How inventors go from patent to licensing agreement

Filing a patent in America is easier and less expensive than it is in most other countries. However, it is neither easy nor cheap. The United States Patent and Trademark Office has several guidelines in place that inventors must follow or their claims will be rejected time and time again. One of the major criteria patents must satisfy is novelty. An idea must be new to be accepted. Commercial use of the idea, public disclosures and even articles may undermine the ability to patent an idea.

Another key contributor to success is the temperament of an inventor’s allies. Filing a patent is not a submit-it-and-forget-it system. It may require frequent follow-ups and tweaks, which tacks on time and money. This makes it especially important to work with professionals that are patient and can handle high-stress situations as well as high levels of uncertainty.

According to Fortune, the use of big data could also completely disrupt the patent industry in America. The move comes from one main company with a big goal: playing matchmaker between investors and their potential end users. To do this, the company relies on AI that analyzes the millions of patents on file at the U.S. Patent Office.

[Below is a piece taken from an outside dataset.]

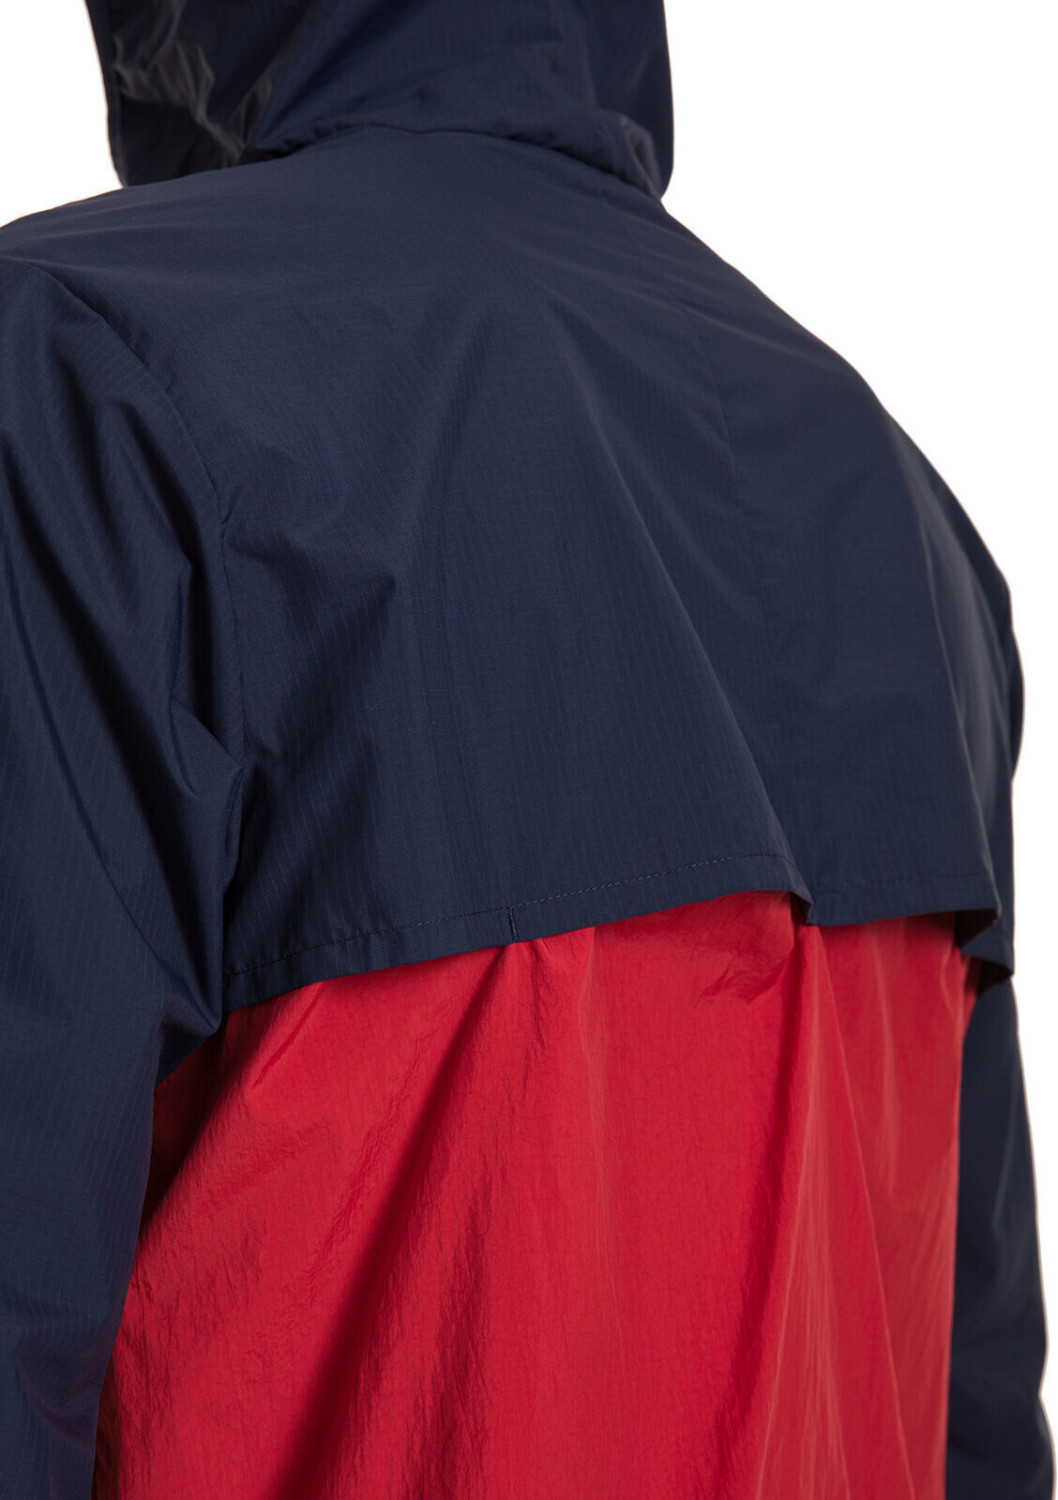 Buy Berghaus Men's Corbeck Wind Smock navy/red from £45.00 (Today ...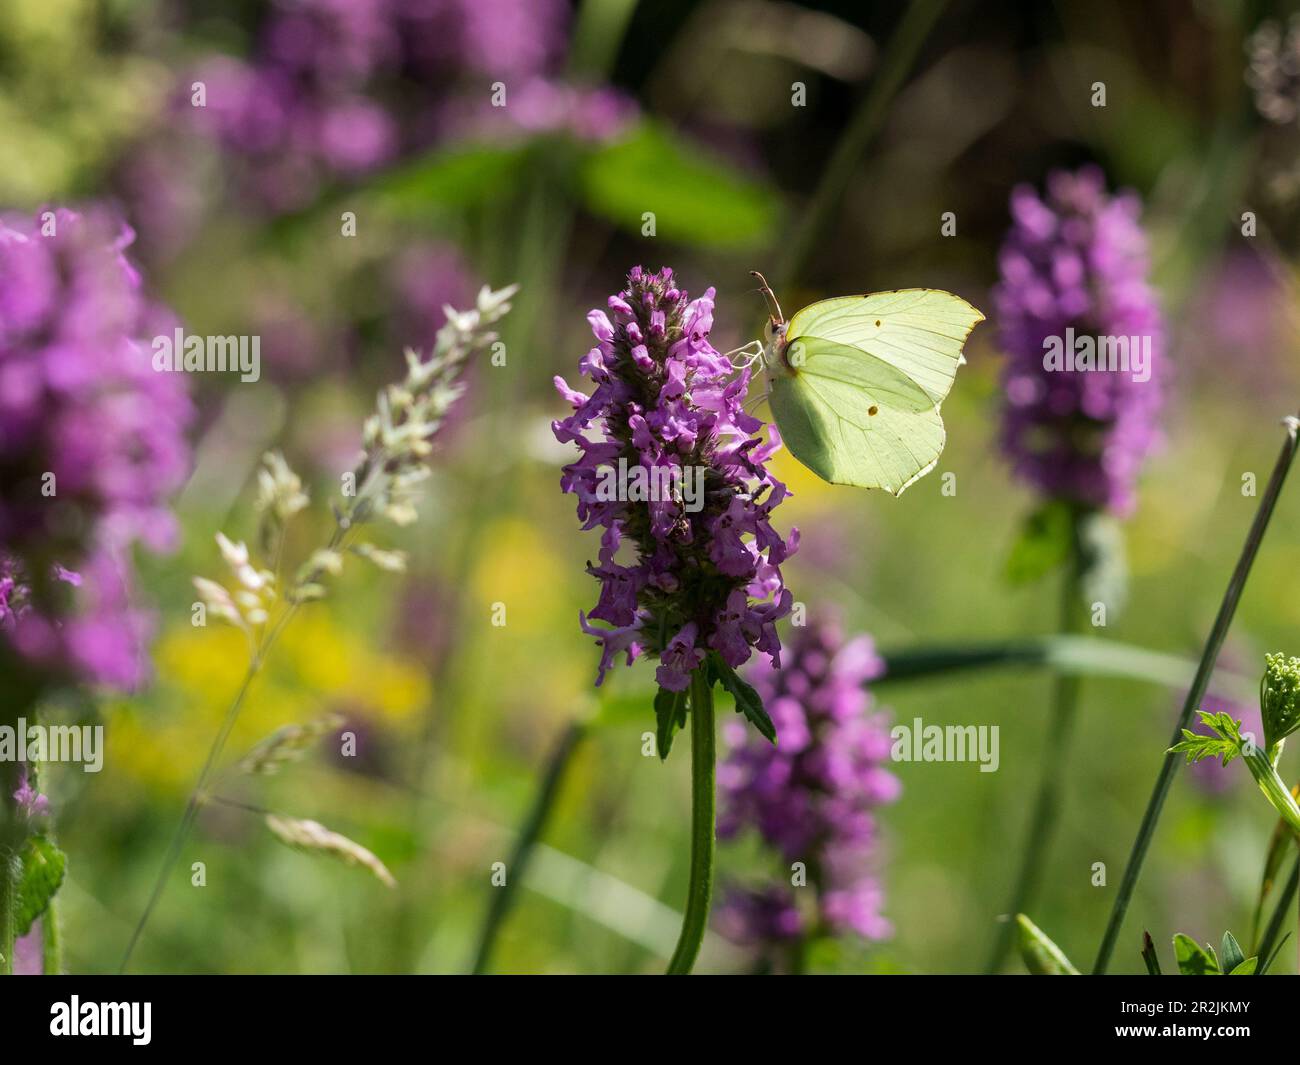 Brimstone butterfly (Gonepteryx rhamni), on Heilziest (Betonica officinalis), spring in the deciduous forest, Upper Bavaria, Germany Stock Photo

The United States Patent Utility hopes to change the fact that 95% of patents are never licensed. This shortage of licensing agreements stems from a number of obstacles inventors must first overcome. Finding end users requires a lot of time and money. Reaching an agreement is also often difficult.

Finally, there is often an imbalance of power. This puts big companies in a position to take advantage of smaller inventors. By matching these inventors with sometimes several businesses, they may stand a much better chance of receiving competitive offers and signing a lucrative agreement.